GEFT OUTDOOR LLC v. CITY OF FISHERS, INDIANA

CourtDistrict Court, S.D. Indiana
DecidedAugust 11, 2022
Docket1:21-cv-03058
StatusUnknown

This text of GEFT OUTDOOR LLC v. CITY OF FISHERS, INDIANA (GEFT OUTDOOR LLC v. CITY OF FISHERS, INDIANA) is published on Counsel Stack Legal Research, covering District Court, S.D. Indiana primary law. Counsel Stack provides free access to over 12 million legal documents including statutes, case law, regulations, and constitutions.

Bluebook
GEFT OUTDOOR LLC v. CITY OF FISHERS, INDIANA, (S.D. Ind. 2022).

Opinion

UNITED STATES DISTRICT COURT SOUTHERN DISTRICT OF INDIANA INDIANAPOLIS DIVISION

GEFT OUTDOOR LLC, ) ) Plaintiff, ) ) v. ) No. 1:21-cv-03058-JPH-MPB ) CITY OF FISHERS, INDIANA, ) CITY OF FISHERS BOARD OF ZONING ) APPEALS, ) ) Defendants. )

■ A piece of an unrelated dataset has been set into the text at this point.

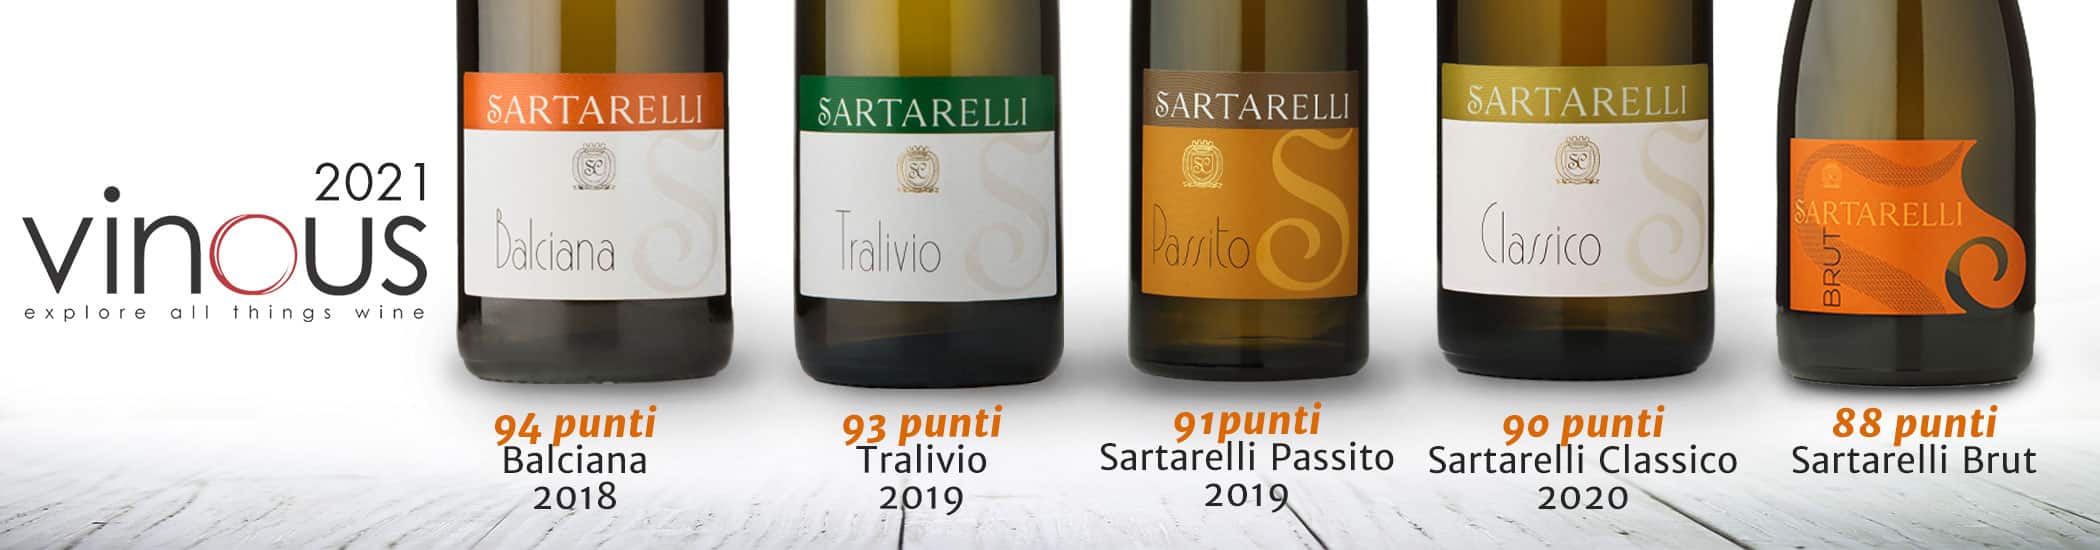 Sartarelli-Vinous 2021 (News-Ita)

ORDER DENYING MOTION FOR PRELIMINARY INJUNCTION

GEFT OUTDOOR is an advertising company that wants to construct two digital billboards in Fishers, Indiana, on property that it has leased. But the billboards don't meet the sign standards in Fishers's Unified Development Ordinance, and the Fishers Board of Zoning Appeals denied GEFT's requests for variances. GEFT therefore brought this case, alleging that the sign standards and variance process violate the First Amendment. It also seeks a preliminary injunction that would prevent Fishers from enforcing the sign standards against the two proposed billboards. For the reasons below, that motion is DENIED. Dkt. [10]. I. Facts & Background1 GEFT is an outdoor advertiser that buys or leases land to use for signs that would convey "both commercial and noncommercial speech." Dkt. 1 at 3 (verified complaint). It has leased portions of two properties in Fishers and plans to put up digital billboards on both. Id. at 3–4. The first billboard, on 131st Street, would be "a 70-foot double-sided, back-to-back billboard with digital displays on both sides." Id. at 9. The second, on 106th Street, would be "a 70-foot double-sided, back-to-back billboard with one side having a digital

display and the other with a static display." Id. Under Fishers's Unified Development Ordinance ("UDO"), GEFT must apply for and obtain a permit before putting up a sign, as defined by the UDO. UDO § 6.17.3.A ("It is unlawful for any person to place, alter, or to permit the placement or alteration of a sign . . . without first obtaining an approved sign permit application."); dkt. 32-4 at 4. The UDO defines a Sign as: Any name, identification, description, display, or illustration which is affixed to, painted on, or is represented directly or indirectly upon a building, structure, or piece of land, and which directs attention to an object, product, place, activity, person, institution, organization, or business. Religious symbols on places of worship or structures owned and operated by religious organizations are not considered a sign unless accompanied with text. Address numbers are not considered a sign.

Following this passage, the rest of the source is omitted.